* ACTIVITY: Only the lines from the one containing "Cooking & Baking Coloring Pages" through the end of the data below are to be repeated, exactly as given, without pictures.

* SOURCE DATA:
*** Block opens ***

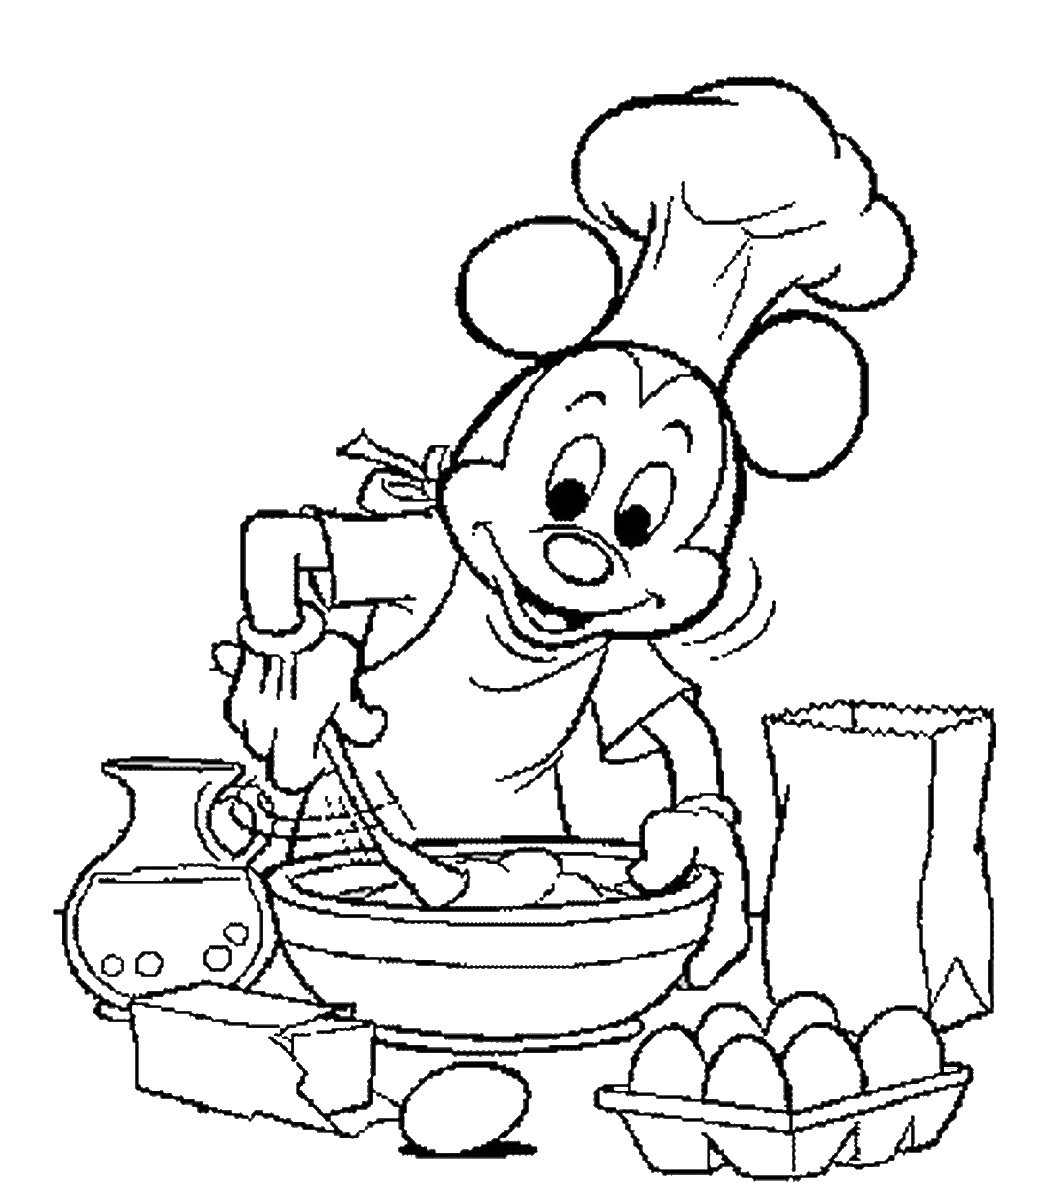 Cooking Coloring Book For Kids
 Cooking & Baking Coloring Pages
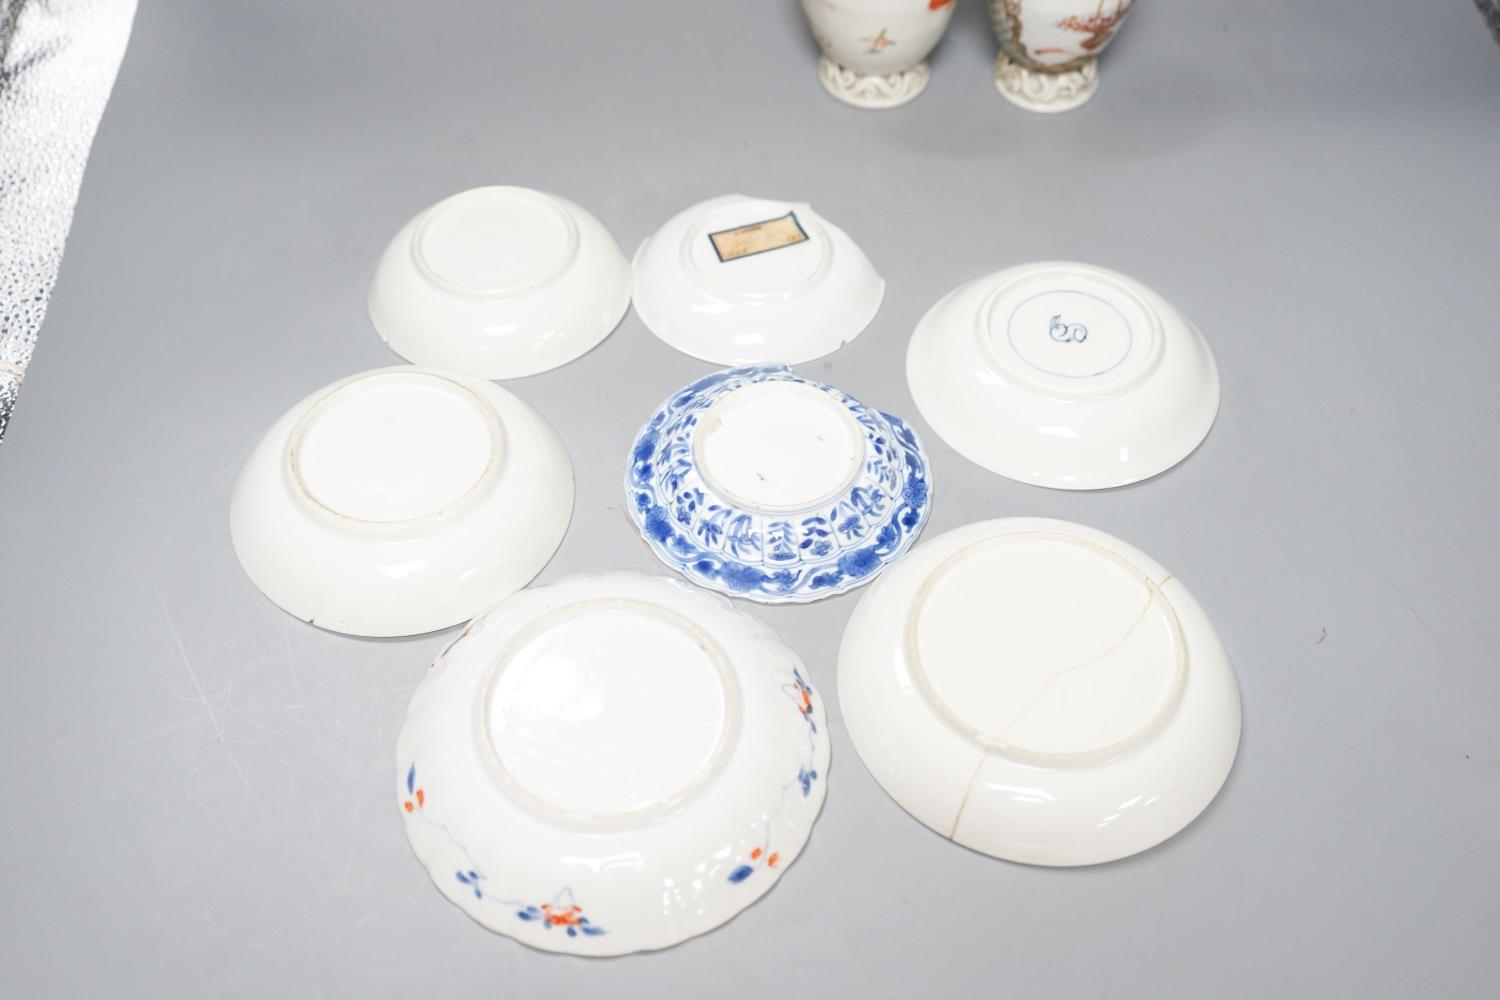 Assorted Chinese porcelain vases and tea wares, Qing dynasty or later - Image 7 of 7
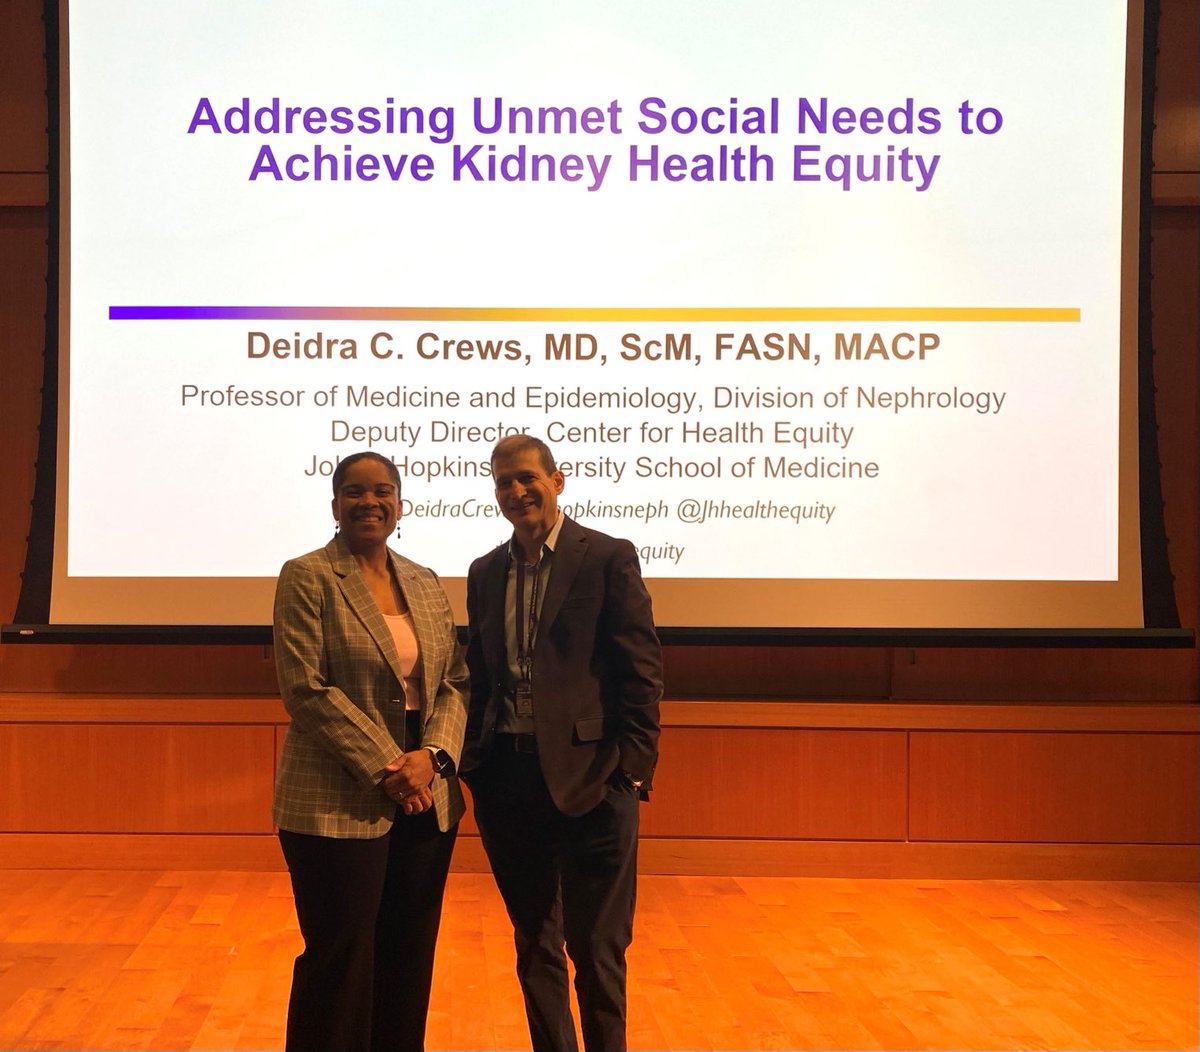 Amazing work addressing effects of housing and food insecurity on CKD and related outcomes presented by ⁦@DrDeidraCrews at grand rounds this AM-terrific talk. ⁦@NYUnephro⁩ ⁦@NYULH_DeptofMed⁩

*** Block closes ***

* ANSWER SECTION:
 Cooking & Baking Coloring Pages
 Assorted Chinese porcelain vases and tea wares, Qing dynasty or later - Image 7 of 7
 Amazing work addressing effects of housing and food insecurity on CKD and related outcomes presented by ⁦@DrDeidraCrews at grand rounds this AM-terrific talk. ⁦@NYUnephro⁩ ⁦@NYULH_DeptofMed⁩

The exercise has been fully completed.